BTL 2018 “Permite a um destino que foi atingido no coração mostrar o que tem de melhor”

BTL 2018 “Permite a um destino que foi atingido no coração mostrar o que tem de melhor”

O Centro de Portugal viveu um verão difícil devido às elevadas perdas causadas pelos incêndios, no entanto, assume agora um lugar privilegiado como Destino Nacional Convidado, na edição deste ano da Bolsa de Turismo de Lisboa, que decorre de 28 de fevereiro a 04 de março. Em conferência de imprensa realizada esta quarta-feira no Museu da Cerveja, em Lisboa, o Turismo Centro de Portugal (TCP) revelou quais as novidades e iniciativas presentes no evento.

“A primeira nota é um agradecimento à Feira Internacional de Lisboa e à direção da BTL pelo gesto solidário, no sentido em que, esta edição de 2018, permite a um destino que foi atingido no seu coração no ano transato de 2017, mostrar o que tem de melhor e simultaneamente se poder reerguer e repor a normalidade na sua atividade turística”, começou por referir Pedro Machado, presidente do Turismo Centro de Portugal.

Cinco anos depois, o Centro de Portugal volta a ser Destino Convidado, com “aquela que é a maior representação física alguma vez feita pelo TCP na Bolsa de Turismo de Lisboa”, anunciou o responsável.
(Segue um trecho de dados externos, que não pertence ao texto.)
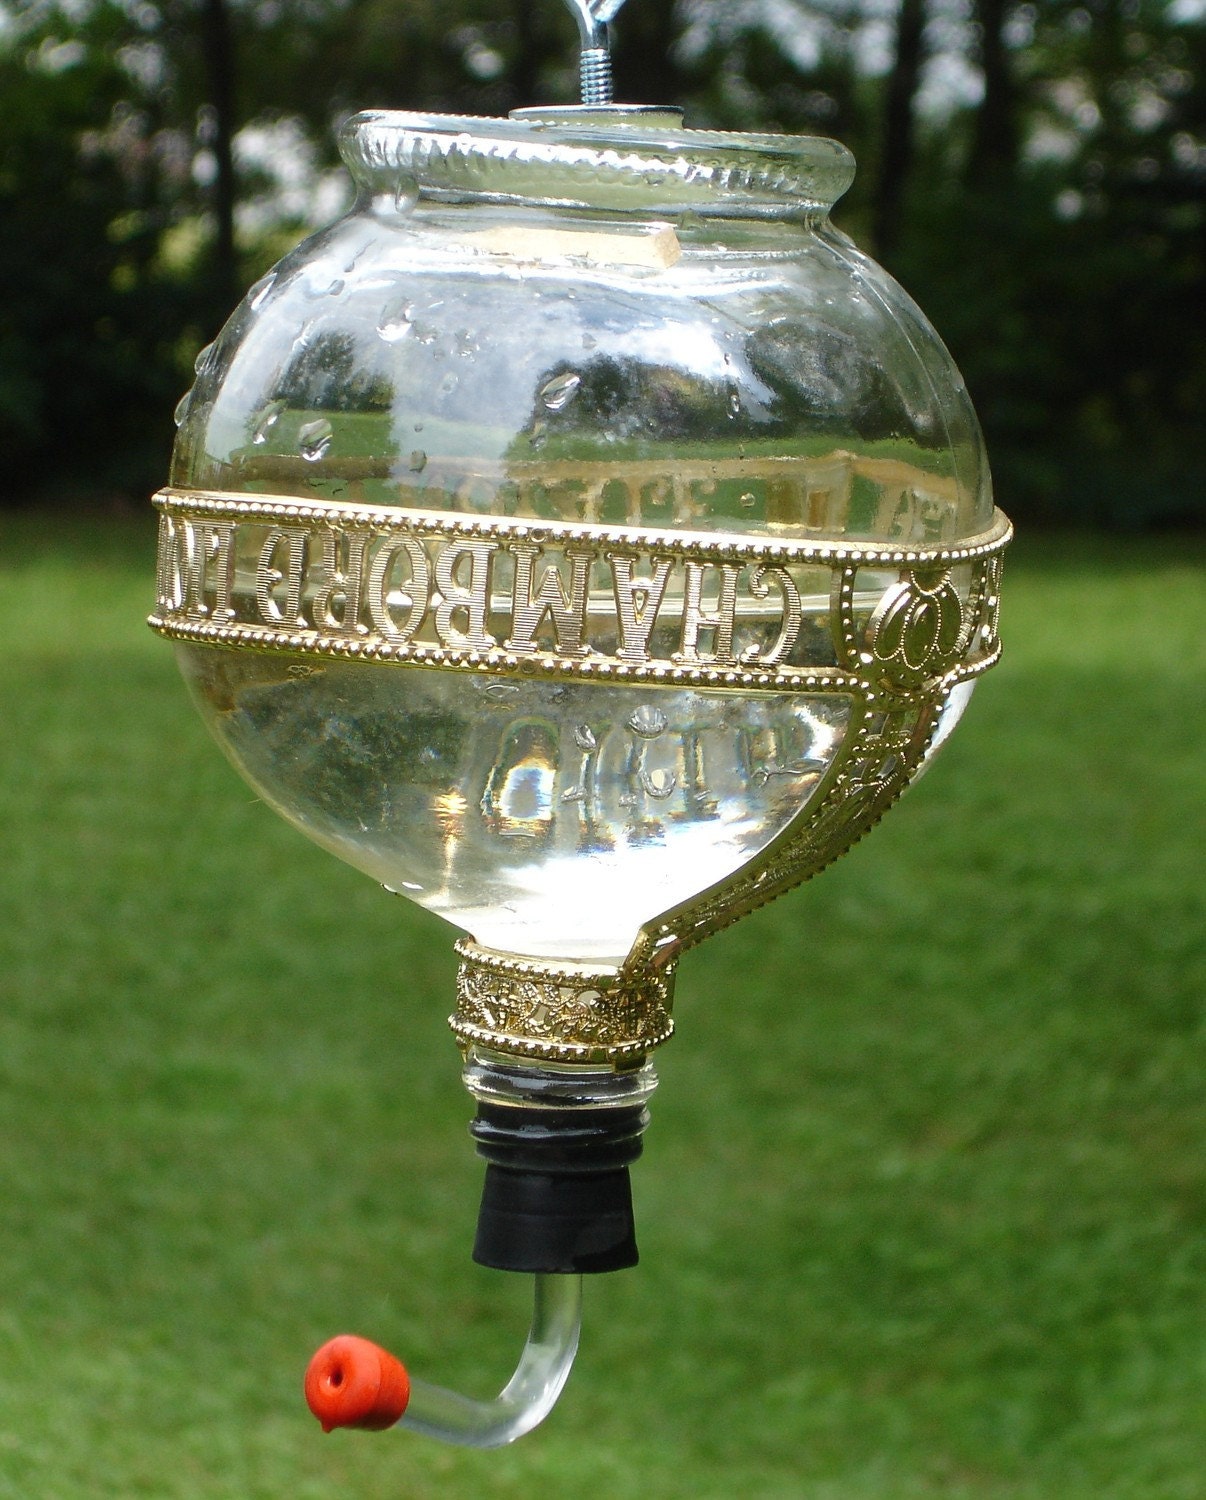 Hummingbird feeder from Recycled Chambord Bottle

Em 2018 a área do stand terá 702 metros quadrados, mais 54 que no ano anterior.

De acordo com Pedro Machado, uma das principais novidades é que ao contrário das últimas edições, “muito centradas na produção e na afirmação da marca”, em 2018 será “mais centrada nos seus produtos”.

Na mesma sequência de ajudar a região centro a reerguer-se, outra das curiosidades é a participação de dez empresas dos territórios atingidos, “essencialmente de animação turística” e de forma “totalmente gratuita”, mencionou o responsável.

No stand do Centro de Portugal estarão assim representadas 30 empresas e instituições (incluindo as dez afetadas pelos incêndios), além das oito Comunidades Intermunicipais (CIM) – Beira Baixa, Beiras e Serra da Estrela, Médio Tejo, Oeste, Região de Aveiro, Região de Coimbra, Região de Leiria e Viseu Dão Lafões.

Esta vai também ser uma edição mais interativa, onde se vai apelar às sensações dos visitantes. “A terceira novidade tem a ver com a implementação no stand de um conjunto de simuladores artificiais de alguns dos nossos produtos âncora”, divulgou Pedro Machado. O principal destaque vai para os dois simuladores, um de surf e outro de bicicleta, alusivos a duas vertentes turísticas no centro do país: o mar e o turismo de natureza.

Haverá ainda um espaço dedicado aos Lugares do Património Mundial desta área geográfica, como os Mosteiros de Alcobaça e Batalha, o Convento de Cristo e a Universidade de Coimbra, e será dado um particular destaque à apresentação dos Produtos Turísticos Integrados – “um programa de investimento de 8,5 milhões de euros, alavancado pelo Centro 2020”, revelou Pedro Machado.

Momentos de afirmação Institucional

Segundo Pedro Machado, existirão três momentos de afirmação institucional do TCP. “Teremos um momento de cooperação estratégica com a Associação Portuguesa das Agências de Viagens e Turismo (APAVT) que será assinado na Bolsa de Lisboa”, começou por referir o responsável, acrescentado que se trata de “um protocolo que faz do Centro de Portugal o destino preferido dos Agentes de Viagens de 2018”. Já o foram em 2017, e este ano, será consolidado no primeiro dia da edição, a 28 de fevereiro.

A divulgação do plano de ação da Estratégia de Promoção da Região de Turismo EUROACE, uma cooperação transfronteiriça entre o Centro de Portugal, o Alentejo e a Estremadura Espanhola, é outro dos momentos que Pedro Machado considera determinante. “A ideia de cooperação transfronteiriça, de dois países se juntarem na afirmação de um destino turístico é matéria que nós levamos a sério”, afirmou o responsável do TCP.

Fátima Vila Maior, diretora da BTL, também presente na ocasião, não deixou de realçar como esta cooperação transfronteiriça “é importante para a criação de interesse turístico nos mercados mais longínquos”.

Pedro Machado anunciou ainda a assinatura de um protocolo com o Instituto do Emprego e da Formação Profissional (IEFP). “Temos hoje uma relação muito privilegiada com o IEFP, que tem nos seus centros, nomeadamente em Coimbra e Miranda do Corvo, cursos de especialização que são particularmente importantes para aquilo que é o trabalho da atividade turística”, disse o responsável. Adiantou ainda que vão realizar “ações concretas para qualificação de ativos” e eventualmente “fazer a reconversão de profissionais que estejam desempregados”.